鉄火味噌をとても喜んでくれていて、大切に頂くのだと言っていました。
母の明るい声が、とても嬉しかったです。
美風さんと子象さんのおかげです。
ありがとうございました。
最近、主人は職場でお弁当を褒めてもらったり、優しい奥さんですねと言ってもらうことが何度かあったそうです。
また、お弁当以外にも、食事が充実してきたことが嬉しい様子で、残業続きの毎日をご機嫌で元気に過ごしています。

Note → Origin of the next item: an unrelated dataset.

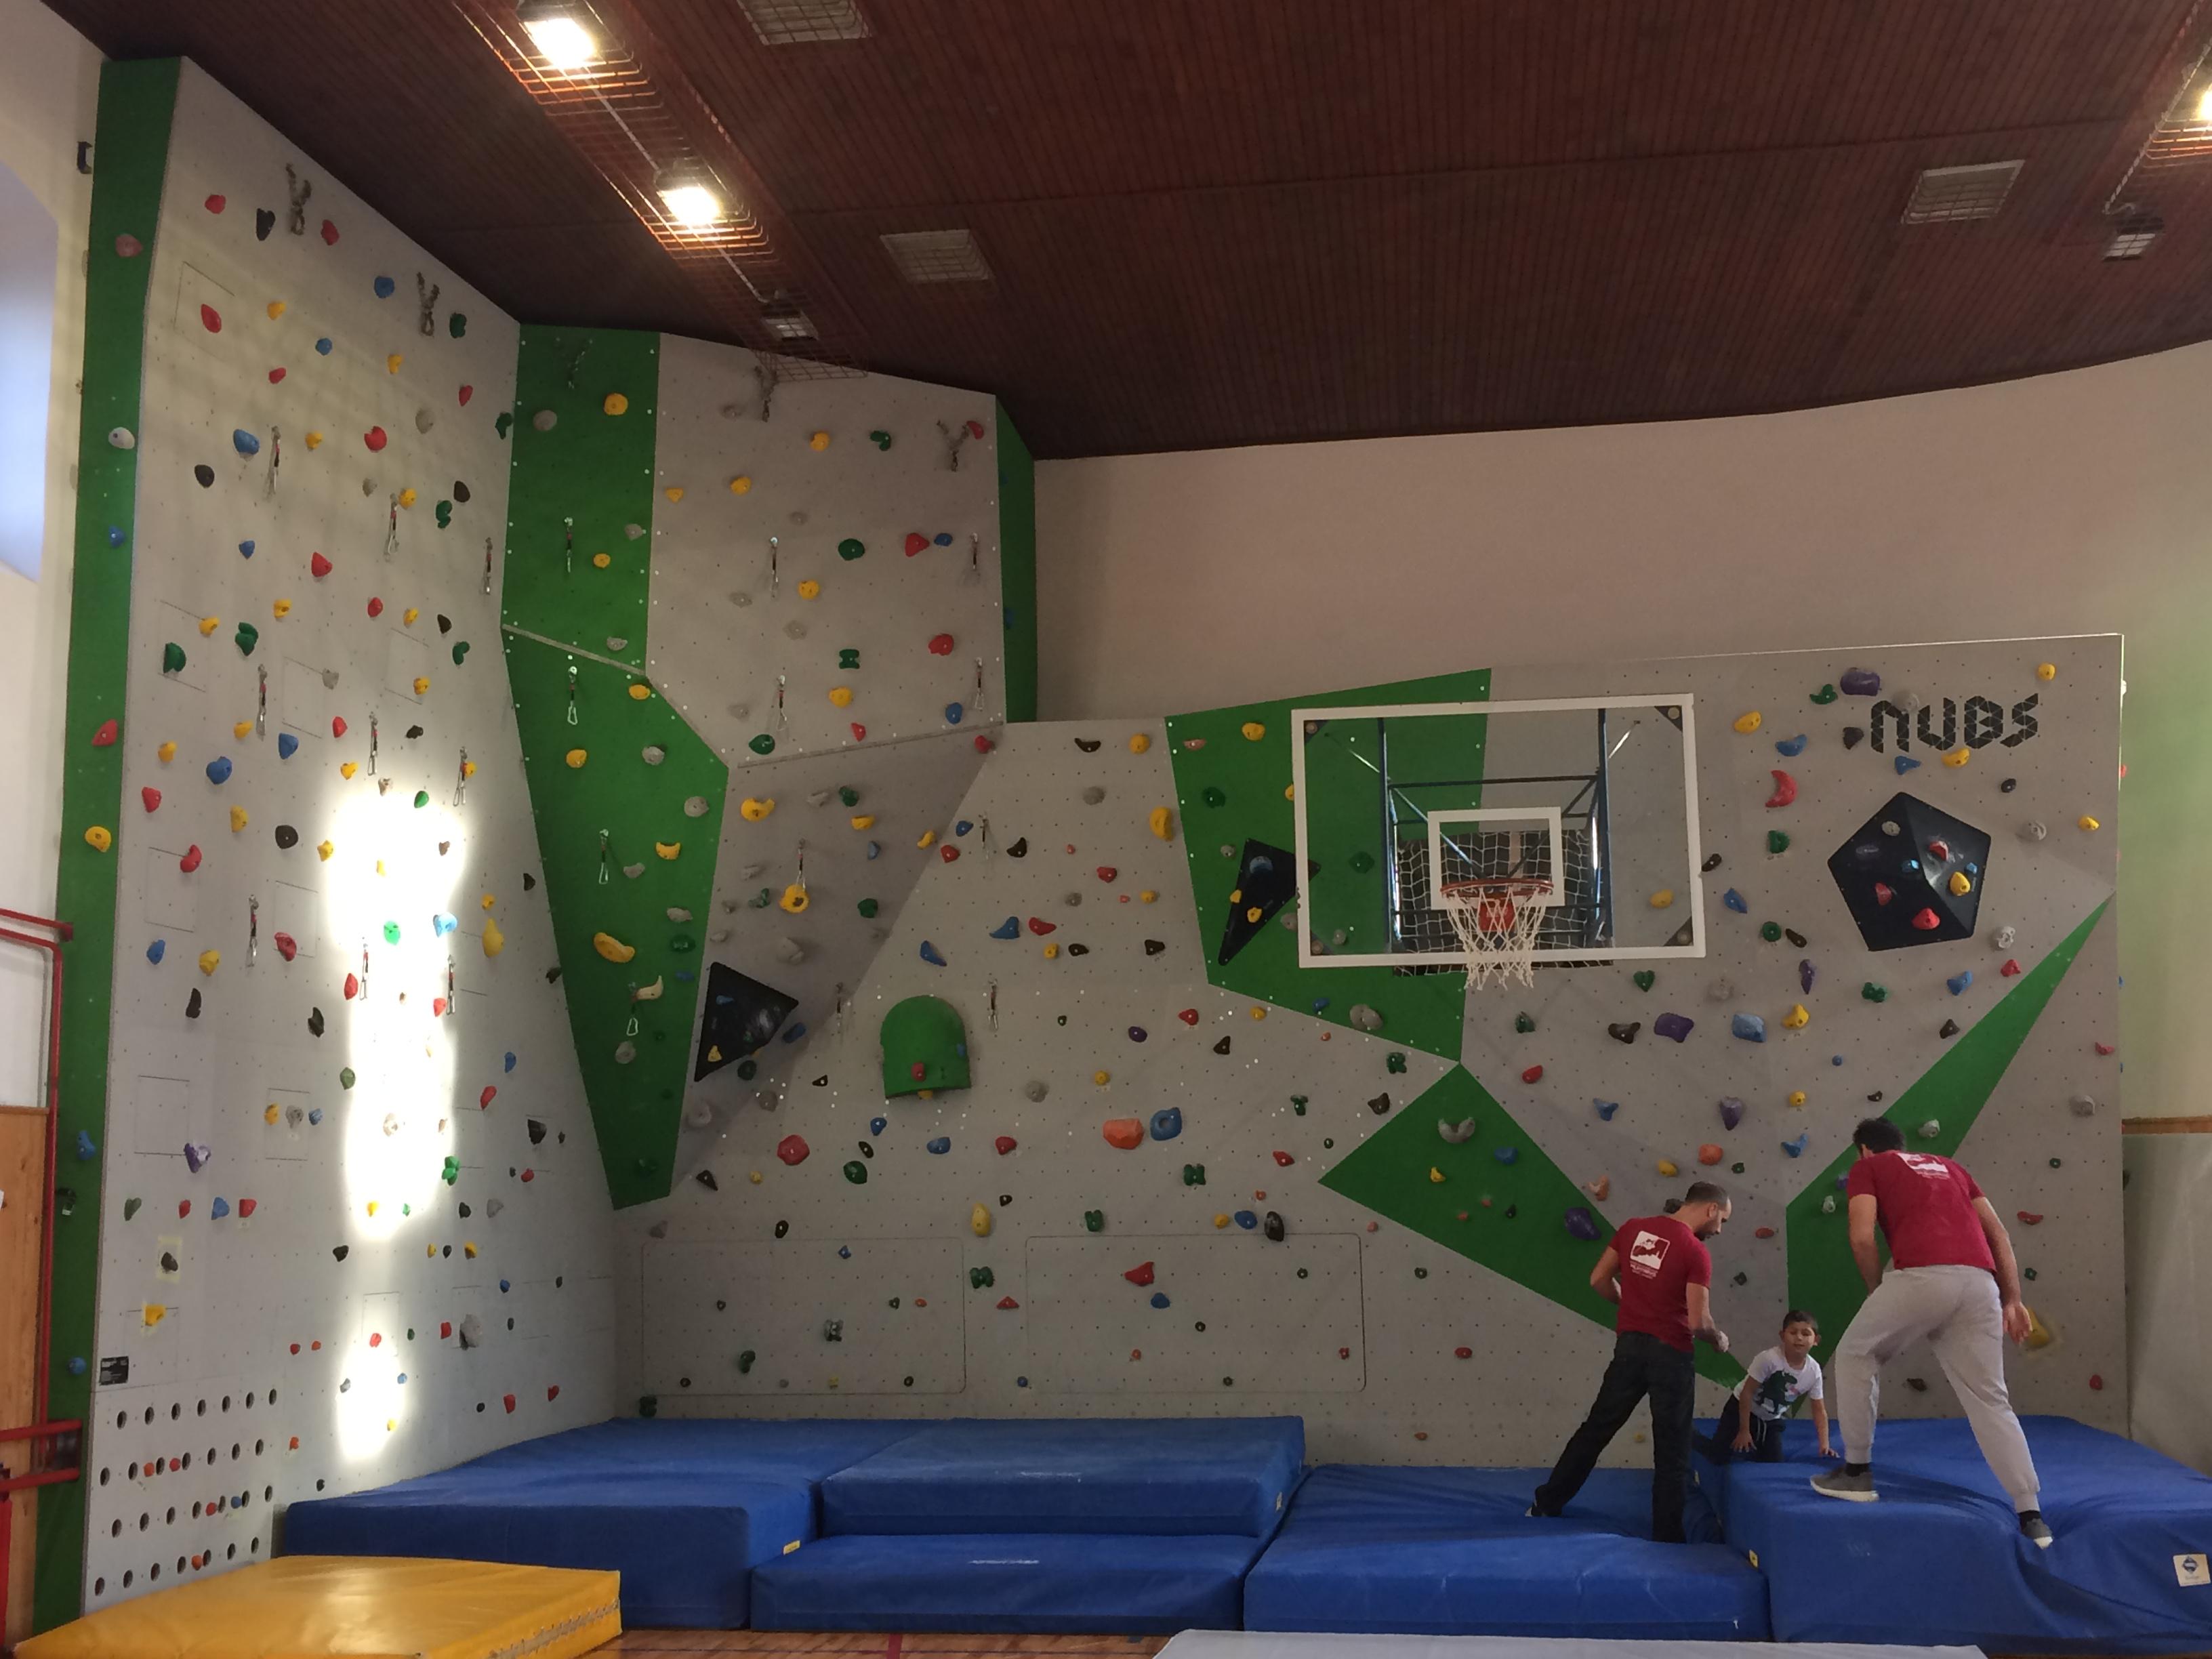 Inaugurata la nuova roccia per l'arrampicata libera

そして、先週の火曜日に、娘が3歳のお誕生日を迎えたのですが、主人の両親が遊びに来られ、こんなやりとりがあった時のことも思い出しました。
義母「よくここまできたわね。」
私 「おかげさまで。ありがとうございます。」
義母「そして、とってもいい子…」
私 「ありがとうございます。(内心、ビックリ!)」
結婚してから、主人の母に褒めて頂けたのは初めてかと思います。
お正月に、菊花蕪とあちゃら漬けをお届けした時位から、少しずつ関係が変わり始めたのを感じましたが、娘のお誕生日の時のやりとりを機に、一歩近づけた気がして、自分から、素直な気持ちで実家の母のことをお話しできました。

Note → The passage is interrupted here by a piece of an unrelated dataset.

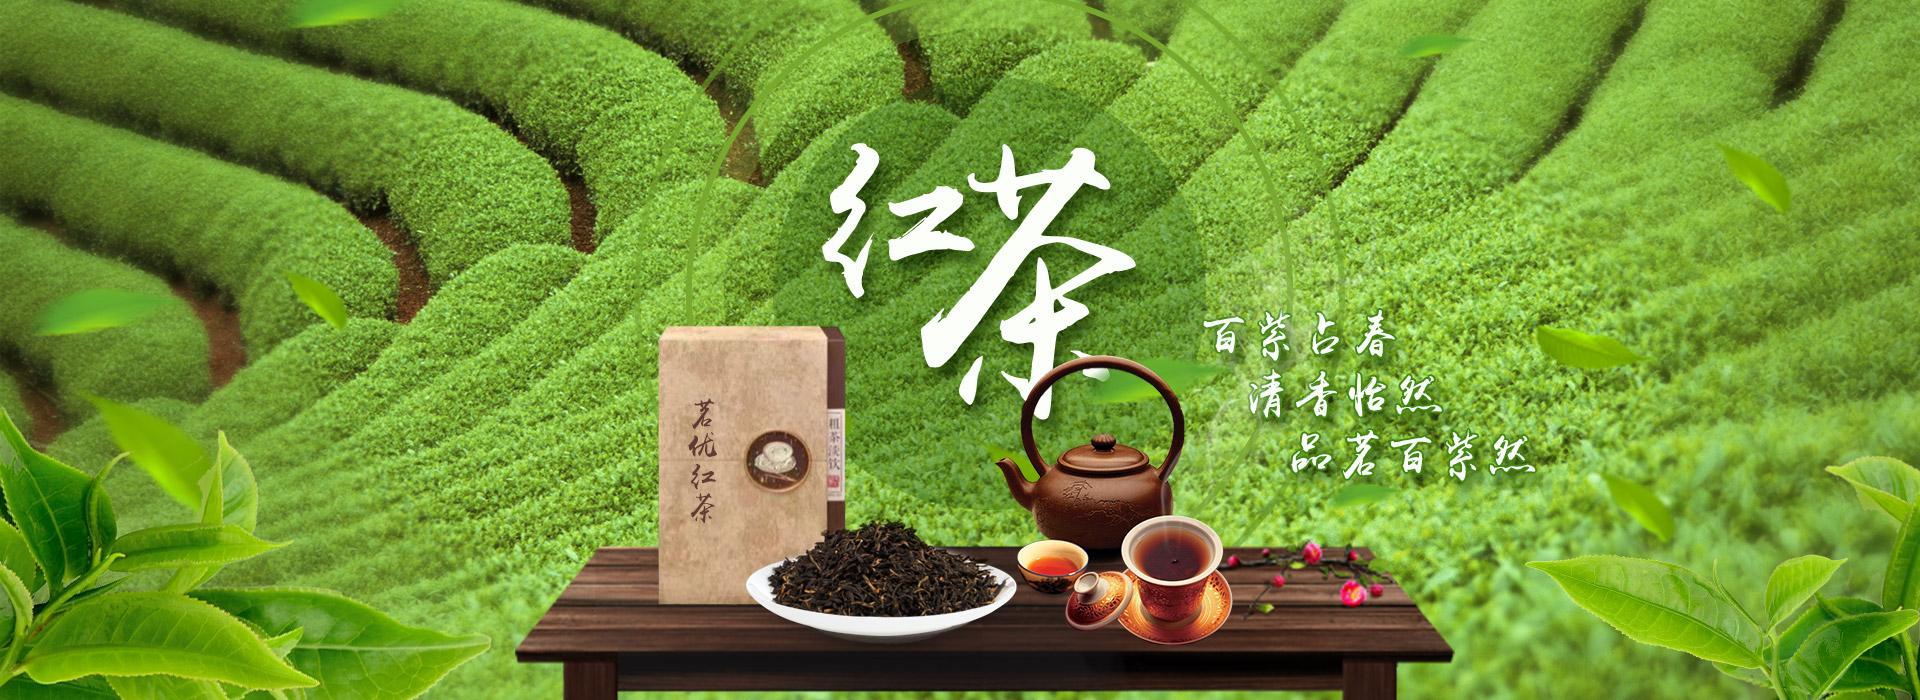 AG亚游官网紅茶

主人の両親は、後悔のないよう、やれる限りのことをしてあげなさい、◯◯ちゃん(娘)のことは、遠慮なく預けなさいと仰って下さいました。
おそらく、主人はこのやりとりのことを主人の両親から聞いて、鉄火味噌を送ることを提案してくれたと思います。
最近、思い(願い)が、するりと叶うことが多くなりました。でも、私が積極的に動いて説得するというのでなく、自然とその方向に向かう感じです。

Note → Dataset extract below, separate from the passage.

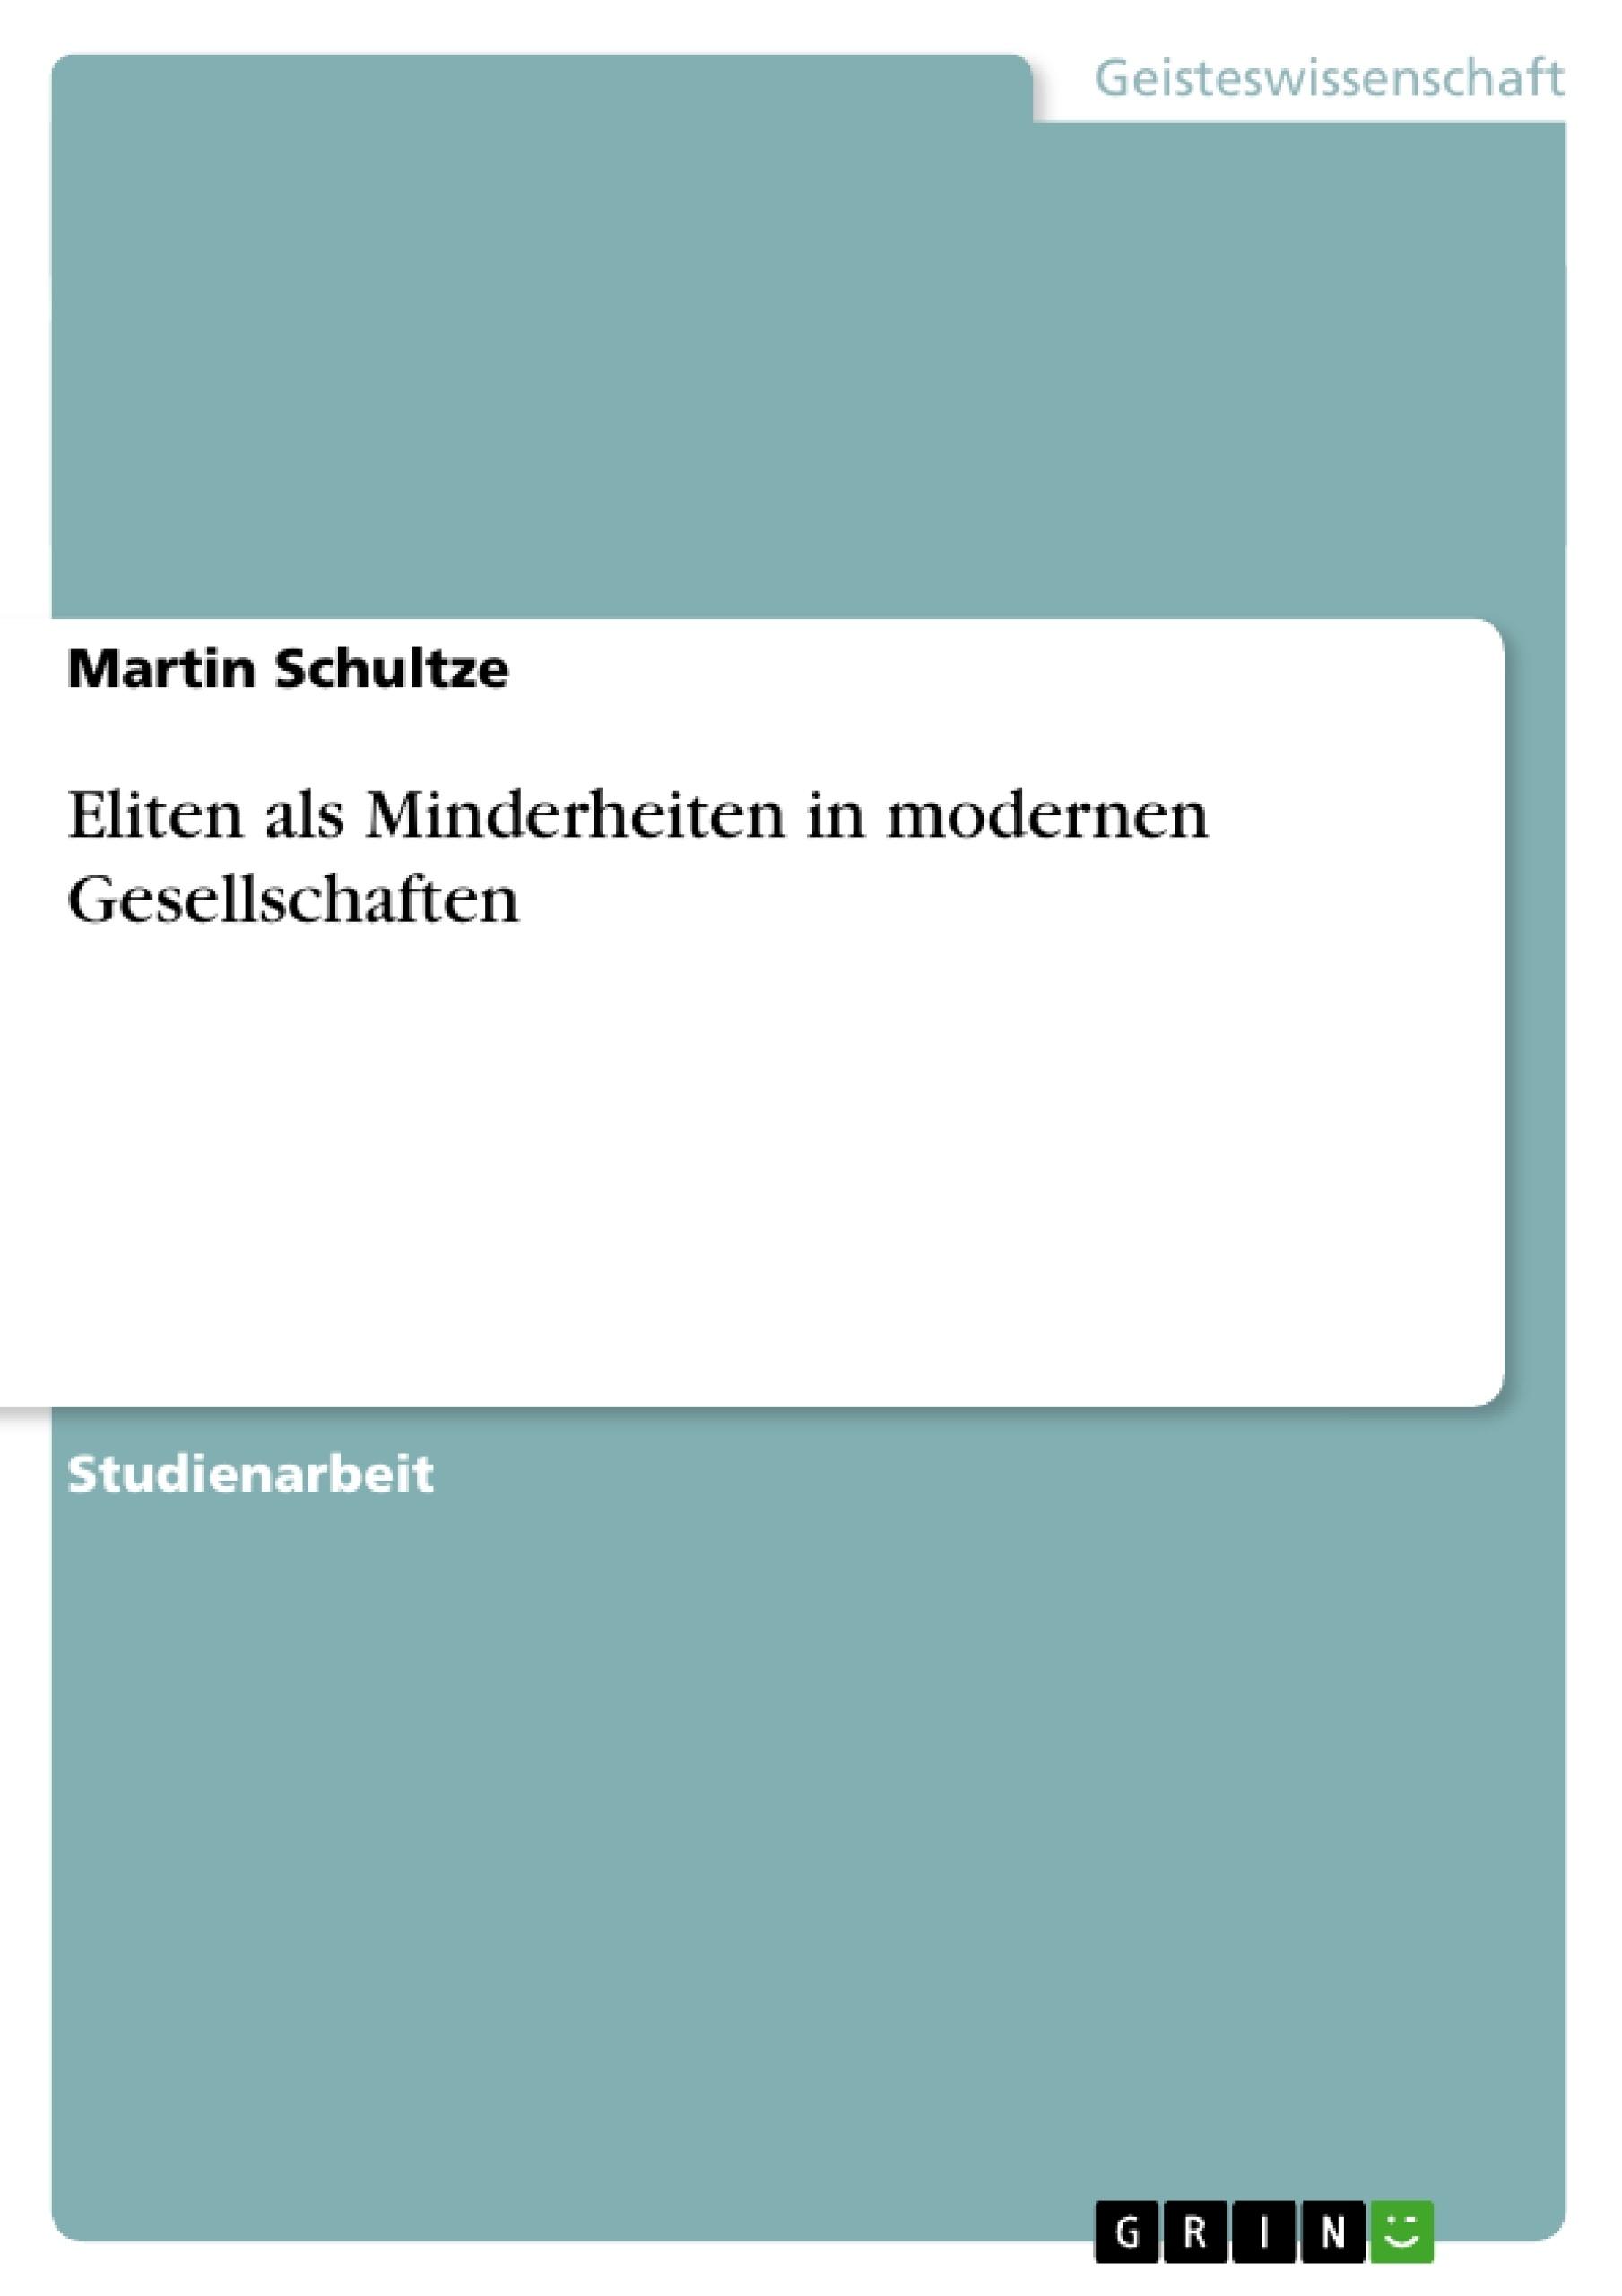 Titel: Eliten als Minderheiten in modernen Gesellschaften

私が実行しているのは、毎日、家族にお弁当と食事を作ること。ひとつでも美味しいお料理、楽しい食事を…中川さんのお味に近づくこと…という思いだけです。
それから、美風さんから座学で学んだことを意識することです。
でも、それは、主人は自分のことを、主人の両親は主人と大切な孫のことを、大切にしてもらえるという安心感・喜びにつながっているのかな…と考えると、良い方向に向かっていくこともあるかもしれないと感じるようになりました。
主人とも主人の両親とも、家族になってまだ歴史が短いので、少しずつ歩み寄っていければいいなと思います。
そして、実家の母も、病気に負けない!という気持ちで、笑顔で過ごして欲しいと思います。
また、鉄火味噌をお願いすることがあると思いますので、その時もよろしくお願い致します。